2 Replies Latest reply on Jan 23, 2012 9:37 PM by corry



      As usual, working in IL, looking for the best performance I can, what else is new :)

      Anyhow, I've run into a situation where I think avoiding exponents will be prohibitivly slow, so I looked at the pow IL instruction, then the ISA for it...

      I suppose if I knew what EXP_e was it might make more sense, but it looks like it does some logs, some ors, some muls, and some EXP_e's.  So I take it there is no native pow function on the caymans?  Is it really using ~5 instruction words for Pow?  Thats not horrible, but I have several cases where I think I will receive exponents of less than 5, and all numbers are 24 bits or less, so I would suspect a mul24 mul24 would be faster, but the exponent is arbitrary based on program flow, and conditionals suck, so I think the addition of conditionals for those cases will cause a major slow down, especially in comparison to the ~5 cycles for the pow.

      Thats my understanding of what I'm seeing anyways.  Any other suggestions?

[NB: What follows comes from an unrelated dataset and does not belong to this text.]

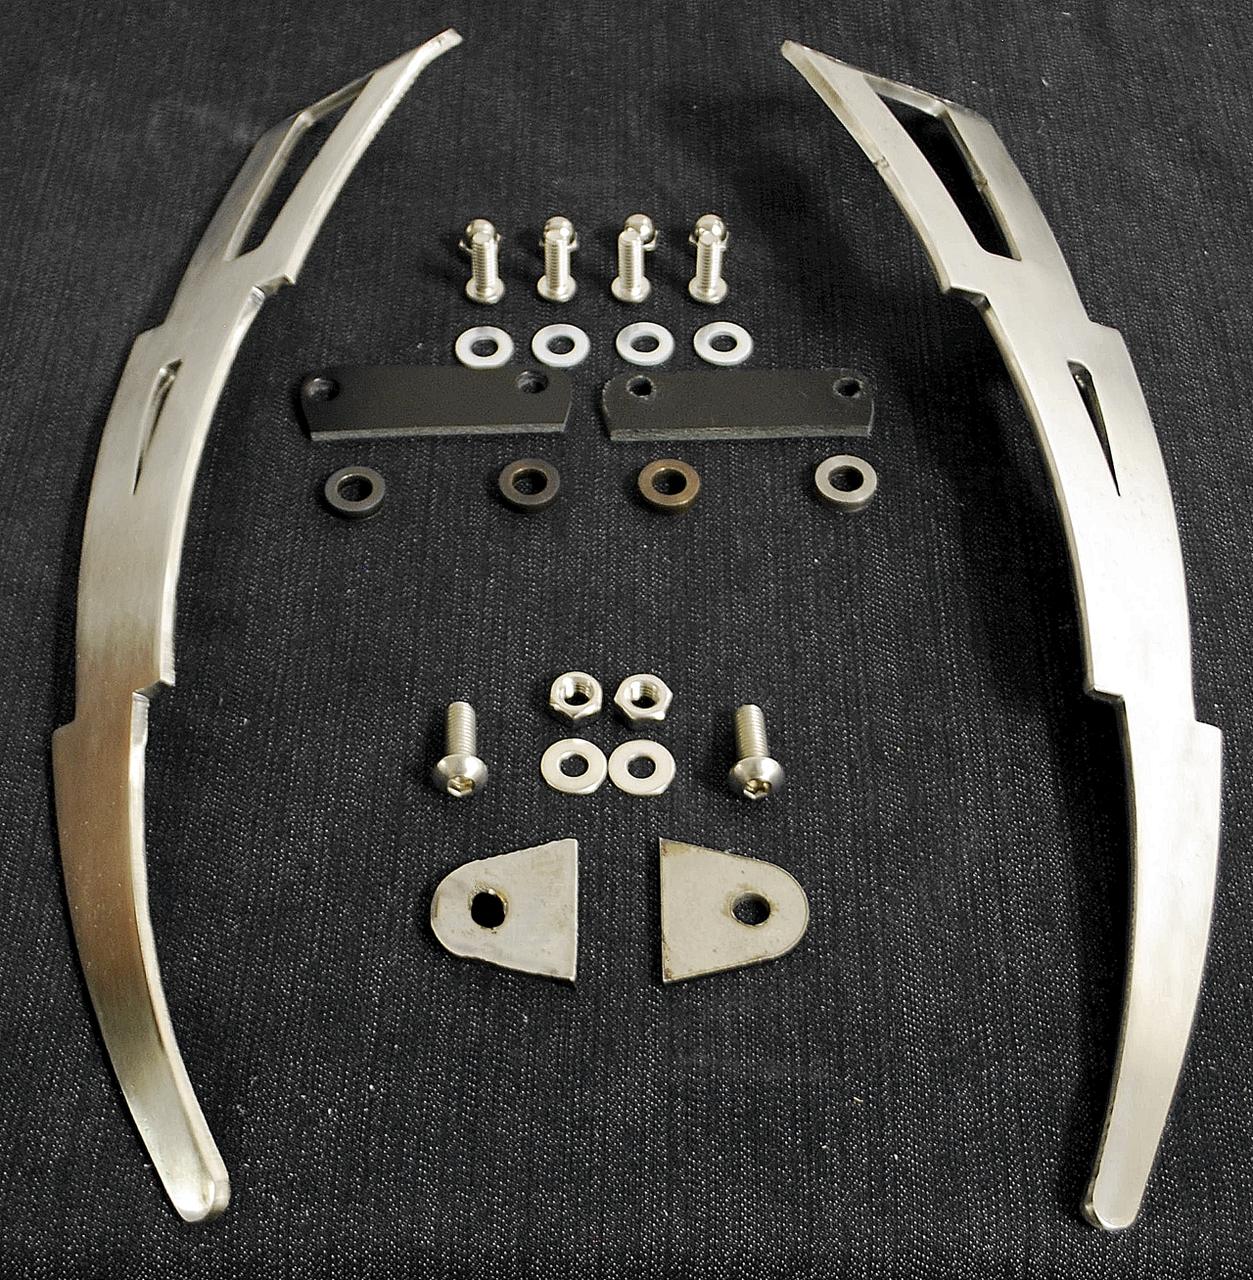 La Rosa Universal Fender Strut Kit - Flash Bolt

        • Re: exponents...



          You can contact Yousef ( Yousef.Shajrawi@amd.com ) - please tell him that dov.caspi@amd.com sent you.

          You can ask him about IL and other optimization stuff.







            • Re: exponents...

              Thanks, I'll direct future stuff his way.  In the mean time, I think I managed to find a clever way around exponents for the time being.  I have to hit it once, but outside a loop that runs ~1M times, so 1 pow for a million iterations, I can take that hit   I might shoot an e-mail anyways.  I didn't have a lot of time to examine the code, but I figure either one of 3 things are going on, 1, knowing the suffix would make everything clear, 2, there's a cool binary trick for doing pow calculations, or 3, there's a cool binary trick for approximating pow calculations.  If its 2, I'd really like to know, if its 3, its still cool, if its 1, well, at least then I could make total sense of the isa code I see  

              As I said though, now, the code I added isn't having a significant impact on performance, and since time is always tight, I'll have to leave it alone for at least a little while...